Perhaps not for Novices


A K Q
Q J 3
A
J 9 7 5 3 2
5 4 3 2 J 10 8 7
8 4 9 7 5
Q J 8 7 2 K 10 6 5
K 8 6 4
9 6
A K 10 6 2
9 4 3 Opening lead: Q of diamonds
A Q 10 Contract: 6 hearts

A little bit of a tricky element here. Perhaps the hand is not for novices to bring home swimmingly. But it shouldn't throw anyone above that level. Spades are solid, and whether the club hook is on or off is beyond your control. So you want to make sure you take care of all the low diamonds. Well, you've only got two.
Actually, the cards are benignly placed, and if you just avoid the things you shouldn't do, you'll amost willy-nilly fall into a successfully completed contract.
Most of all, you don't want to take the club hook after exhausting dummy of trump, unless the closed hand is also devoid of diamonds. You don't want to cash out entries needlessly, and you don't want to finesse the 10 of clubs when you can get the save effect out of finessing the queen. The reason for this last caution is that if the queen loses to the king, you may want to overtake the 10 with the jack later. Which you can't do if you don't have the 10.
I would say this is the safest line, though I'm giving up all hope of an overtrick: Come to the ace of hearts at trick two, ruff a diamond, cash the queen of hearts, come to the ace of clubs, draw trump, cash spades, sluffing the last diamond and now concede a trick to the king of clubs.
You could vary that a little in a play for an overtrick, and trusting trump will split 3-2, by overtaking the queen of hearts, drawing the third round, go to spades to sluff the last diamond, and now you're on a finesse for an overtrick. I'm not sure what the odds mavens would say about this. Perhaps they'd say it depended on the scoring system (this was an IMP game).
One other way: take the club hook at trick 2. This works nicely with a king doubleton in either hand, not so nicely on a 3-1 club split. If West wins with 3 clubs, he can give his partner a ruff. However, it looks as though declarer would be in pretty good shape if the finesse holds.

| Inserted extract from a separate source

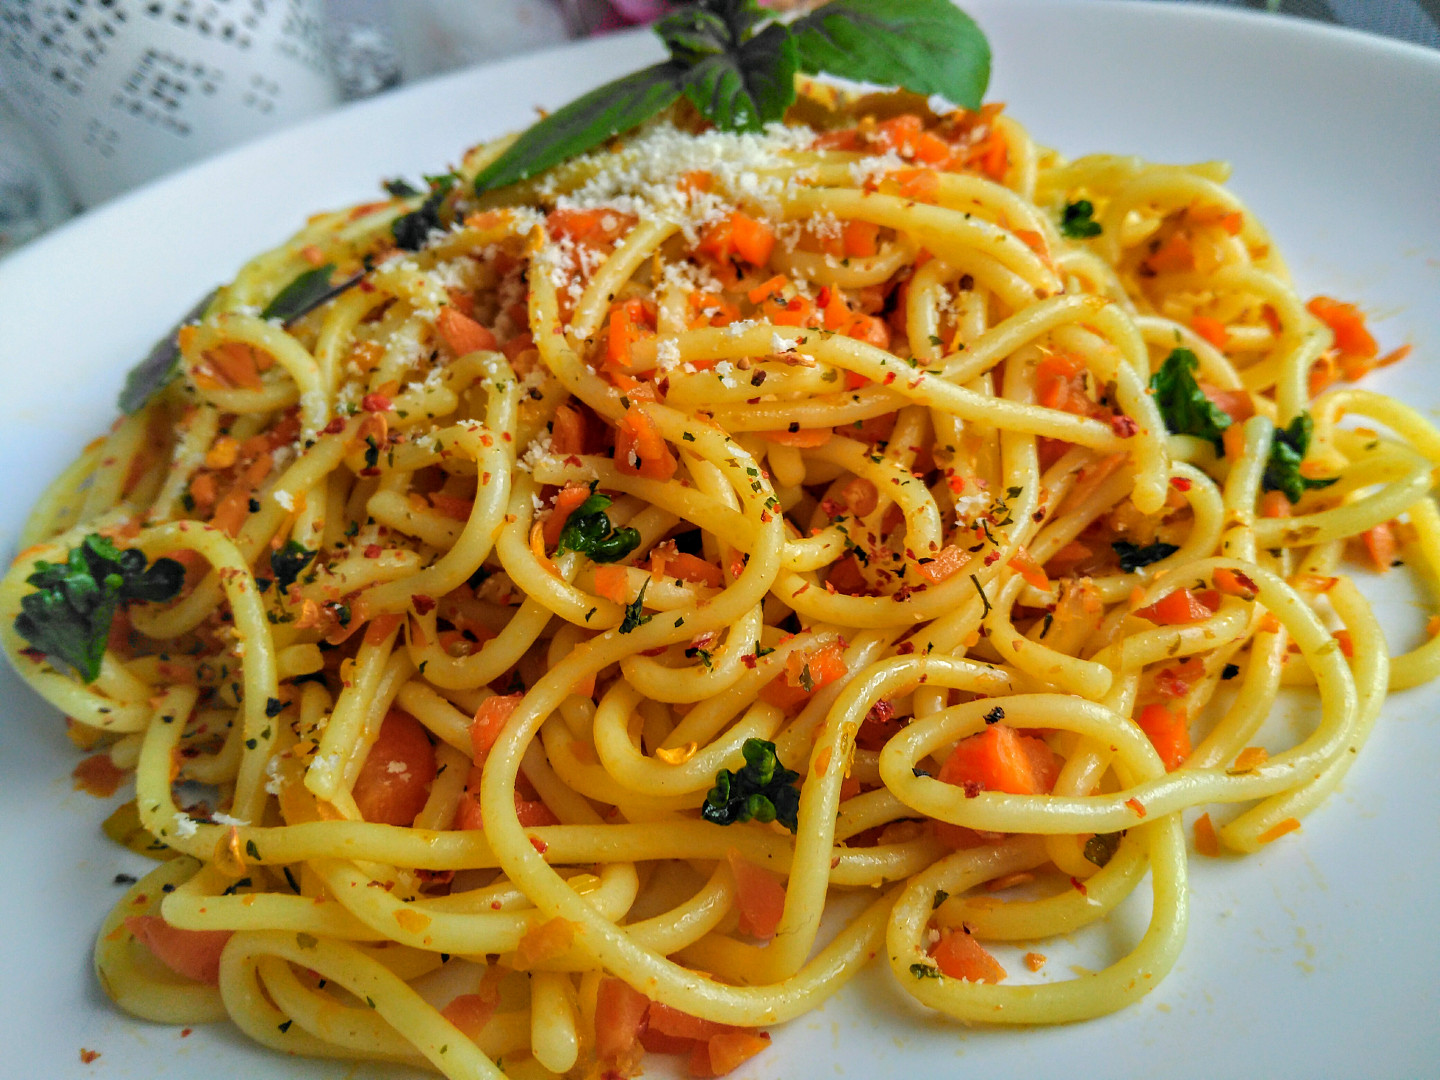 Bezmasá večeře ze špaget, mrkve a papriček

Only two declarers went down here, both of them soi-disant advanced players. The first one that I looked at followed a behavior that I've had cause to speak of before and is so frequent that it has now become almost amusing. That is to say, she absolutely rushed to wipe out entries to dummy in this manner: At trick two, the ace of spades, then the Q J of hearts, then a finesse of the ten of clubs into the king. To be sure, the coup de grace came from her LHO who now led a spade, cutting off all communication after trump are out, a coup that would not have been possible if the ace of spades hadn't been cashed.
Lemme go over briefly. Why the ace of spades? It's a totally inexplicable play. It doesn't change the lead, it's a trick she's always got access to. It just made no sense. The Q J of hearts? She just might have wanted to save them for communication. And of course, there's just no point in the 10 of clubs when you can see that you just might want to overtake the 10 on the third round of clubs after losing a finesse playing the queen.
Declarer now came to the queen of clubs, ruffed a diamond with dummy's last trump sluffed the last diamond on the last spade in dummy . . . and had no way to return to the closed hand! (She led a club which was ruffed, of course.) Do you see how she could now use hearts for communication if she hadn't cashed them out? She'd ruff with the queen, after getting a lucky 2-2 split in clubs, which she wouldn't have needed if she'd finessed the queen of clubs, cash the jack of hearts, cash the last spade, sluffing the last diamond, and now come to the A K 10 of hearts. So it wasn't the ace of spades alone or the Q J of trump alone or the 10 of clubs alone, but by combining all these she managed to turn a silk purse into a sow's ear.
The other declarer didn't even give himself that much chance. After the diamond opening lead, he led three rounds of trump -- he's now wide open in diamonds -- cashed three spades, sluffing a diamond and now on a losing club hook, lost a diamond for down one also. Advanced.